In Memoriam: Andrew Martinez


Andrew at Yosemite

I got a call today around 2pm from a friend telling me that Andrew had died. Well, friend said: “The naked guy has died.” And I knew he meant, well, Andrew Martinez, a friend from high school who made it his mission in college to be naked. In what I assume would be his thinking, it was a way of protesting social norms that he thought were ridiculous.

I’m not making fun of what he thought, and I’m not saying I believe in it- I’m just saying that I could see him making a quasi-humorous and yet serious argument about just about anything. He was ironic and self-mocking, but also passionate about things that I usually didn’t care about (nudity, drug legalization, etc.). At the time Andrew was protesting this, I was at a college that commonly had naked people walking about and nobody freaked out. Oh well, one of the myriad of problems with the yuppification with Berkeley. But I’m not writing about that.

I was really saddened to hear that he died, as I was saddened to get updates on his condition from his friend, who was quoted here in this sfgate article (same as above). According to his friend, Andrew had a downward psychotic spiral due to some drug use during his fame-years had late onset paranoid schizophrenia.

I get sad when I think of people my age dying. Nothing deep, just that I see them as losing out on more opportunities to have fun memories, as I hope to live my life as having more opportunities to have fun memories.

So here, for posterity, is a collection of happy memories involving Andrew.

In 8th grade, I dropped my pencil, and this really hot new guy picked it up for me and smiled at me. It was the most twinkly eyed smile that I had ever seen, in real life, and there a crush was born.

He asked me to Gemco, and I went along, and we held hands in the parking lot. Now, for 14 year olds there is just not a lot to do in a small town- though Cupertino is, I still maintain, the mecca of the West. So walking to a service-merchandise like store a whole mile from school was a big deal. Not a week or so later, though, at a party watching Purple Rain, I realized that his affections had moved on, when I found him kissing one of my friends. To give them credit, though, it wasn’t a huge shock since she had warned me earlier that day:

conversation at locker:
me: hey amy
amy: hey, andrew and I are going out
me: oh

That was the end of the affair.

Wait, it was really like this.
me: (trying on a new smile) hey amy
amy: what’s wrong with your face?
me: nothing.
amy: well Andrew and I are going out
me: oh (face still frozen in new smile)

Then, later on a friend of mine (guy, who also had a crush on Andrew) told me that Andrew carved Amy’s name all over the Yosemite lodge and inferred that she went “farther” than I did. Farther than holding hands? My mind still boggles at the possibiliities.

I’m not sure if it’s later, but it’s definitely after Purple Rain, but I managed to dance with him at an upcoming dance to Wham’s “Careless Whisper.” I knew even at the time that it was not a romantic thing for him, but it was hugely romantic for me. Our dancing style consisted of jumping up and down. We held each other quite close for kids our age, and then jumped. How totally weird. Of course, whenever I hear that song I remember that sweet-sadness of dancing with the very first boy I liked, even though he didn’t like me.

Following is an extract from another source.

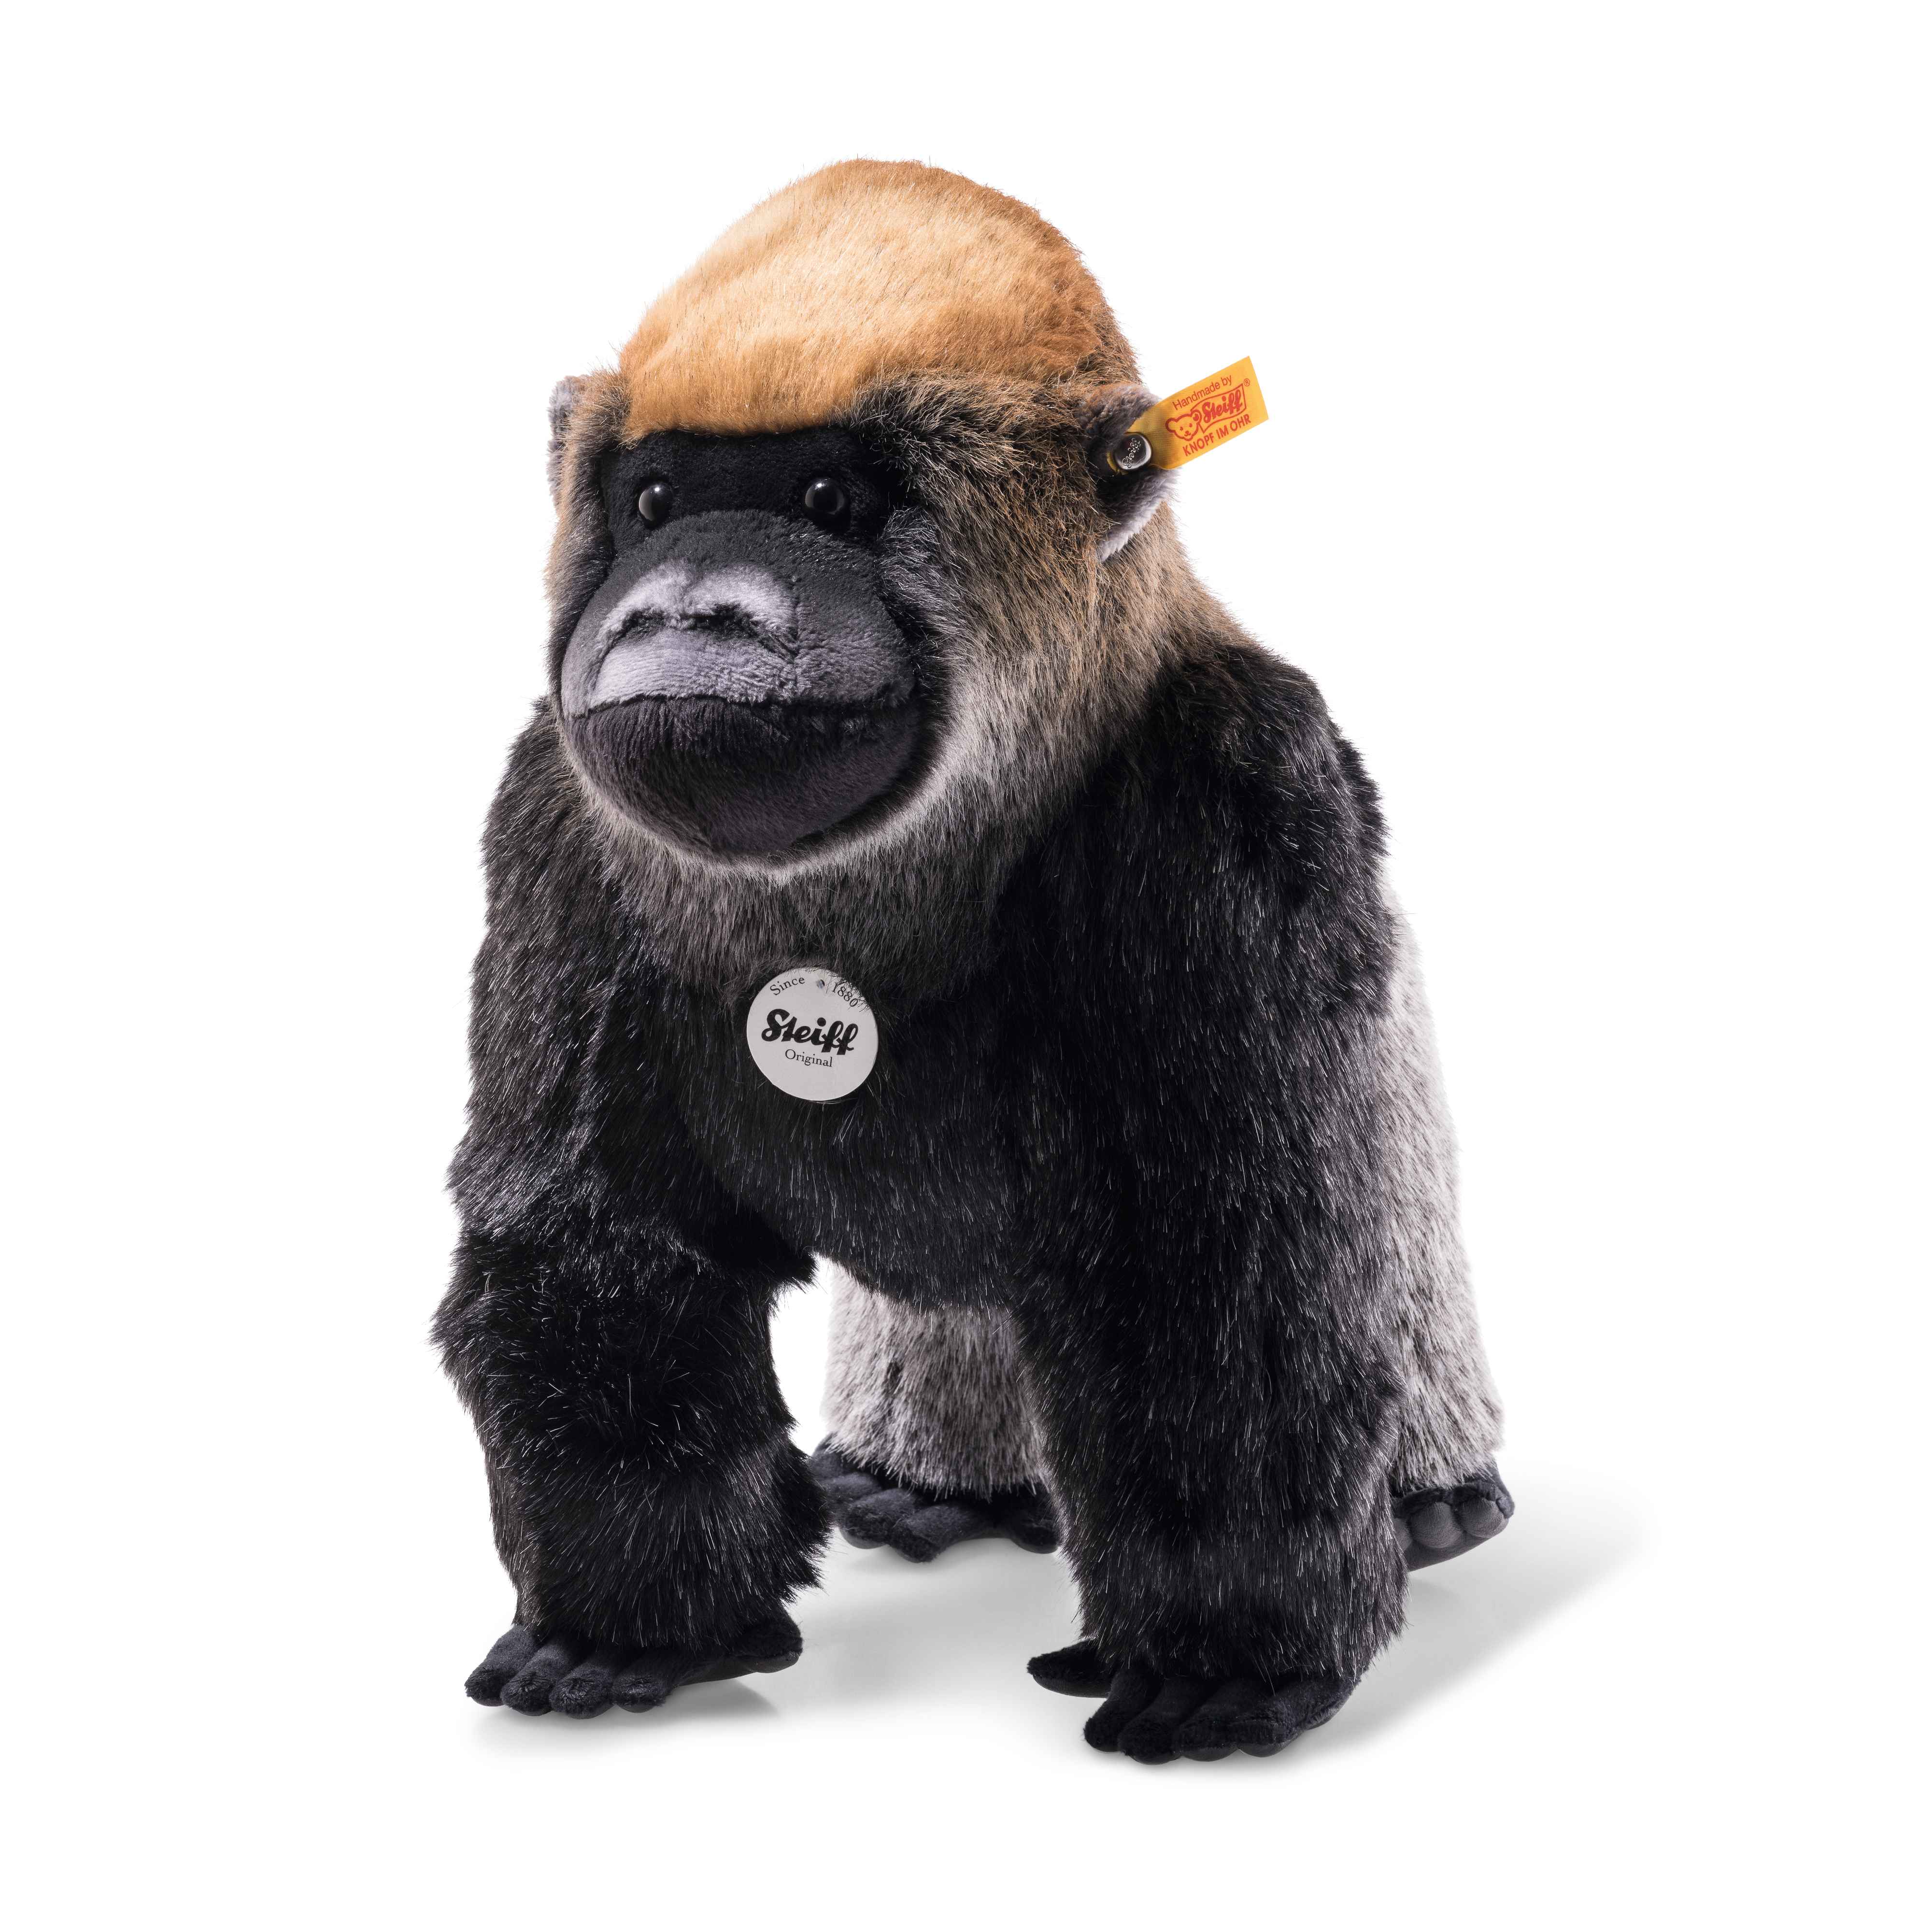 Steiff wճ}: Boogie gorilla

I guess I invited him and his friend to a birthday party at one point, because that is when I saw his body changing and he got this rubber tire- later he’d become a football player so it was just a phase, I guess. I was totally icked out and the crush died for good. No more pining for this guy. He was doing cannonballs into the deep end and just acting dumb, and not like a romantic hero. I may have been 14 and totally fickle and obsessive about superficial beauty.

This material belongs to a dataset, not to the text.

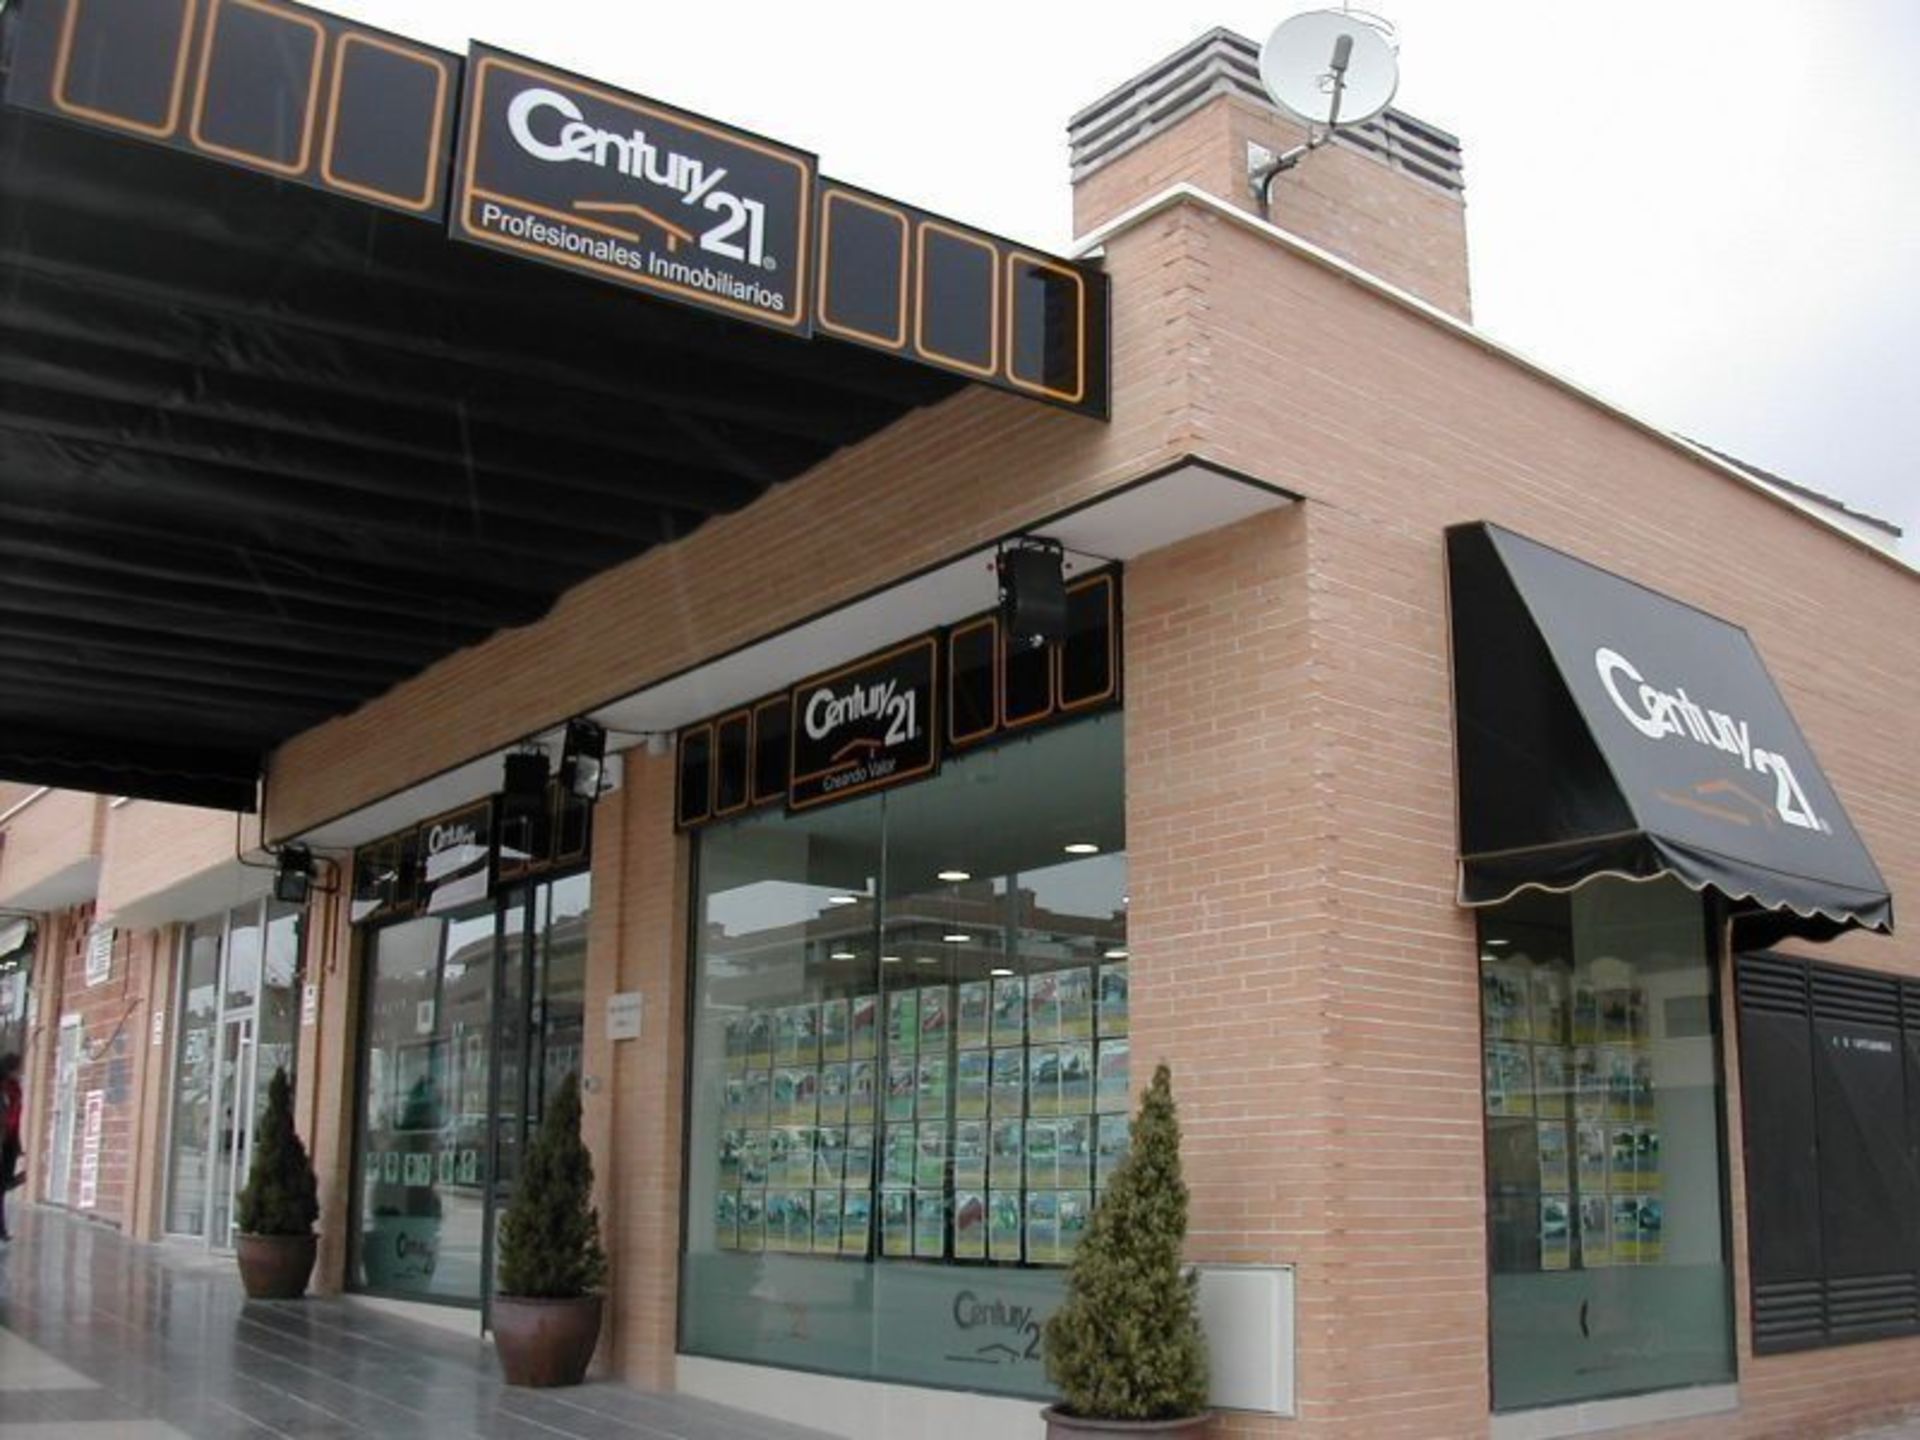 Oficina Inmobiliaria Century 21 en Las Rozas

Falsh forward a zillion years- well, 4 – and I walked down the high school graduation with him. Most of the graduation speech he was trying to convince me to do the Monty Python silly walk — a prank he had arranged with his friends. I don’t think I did it, but that was pretty funny. Funnier than the “silly ties” prank that people did each year.

Oh and there was some summertime activity of tennis involving doughnuts that he went on, but no specific memories from that period.

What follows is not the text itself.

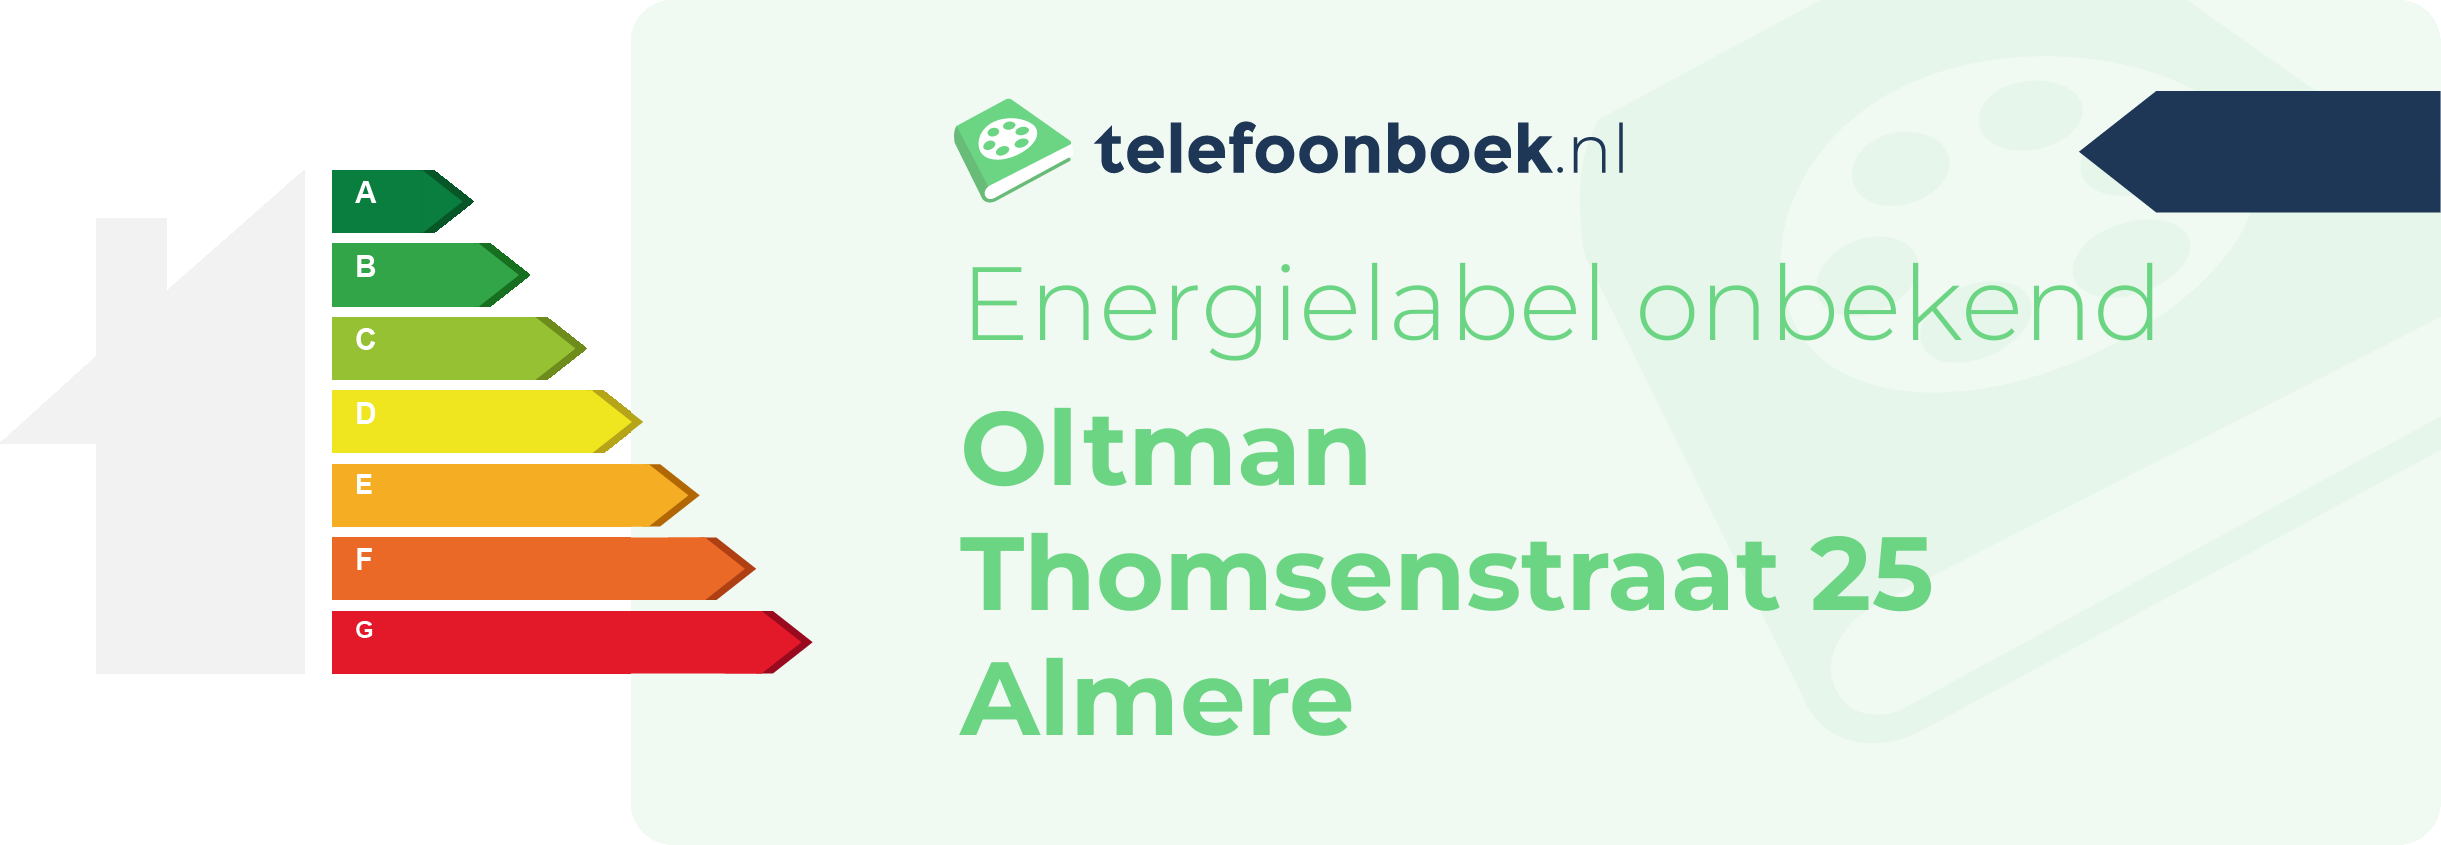 Energielabel Oltman Thomsenstraat 25 Almere

When we all went off to colleges, I had a few spies who told me his various layers of undress over time. See, the nudity didnt’ happen all at once. It was first shorts, then undershorts, then a hankie, then … nada. My friends were kind of amazed, then shocked, then it all went out of control when the Administration acted so weird. Well, that’s my opinion. As I said before, at my school it would have been OK if you had kept your grades up.

So Andrew: Sounds like you had a good time and lived it up. I’m sorry for your pain and suffering in the last years. I had totally lost connection, and I know there are others that were far closer to you, and I’m sorry for them and their loss. I am glad that I knew you when I was at that time in my life, the insanely awkward time where we are all forging our identities and figuring out how to have personalities. After pining for Sting and Morrissey from afar for so long, you were my first real-boy crush, and I don’t think you did a bad job of it.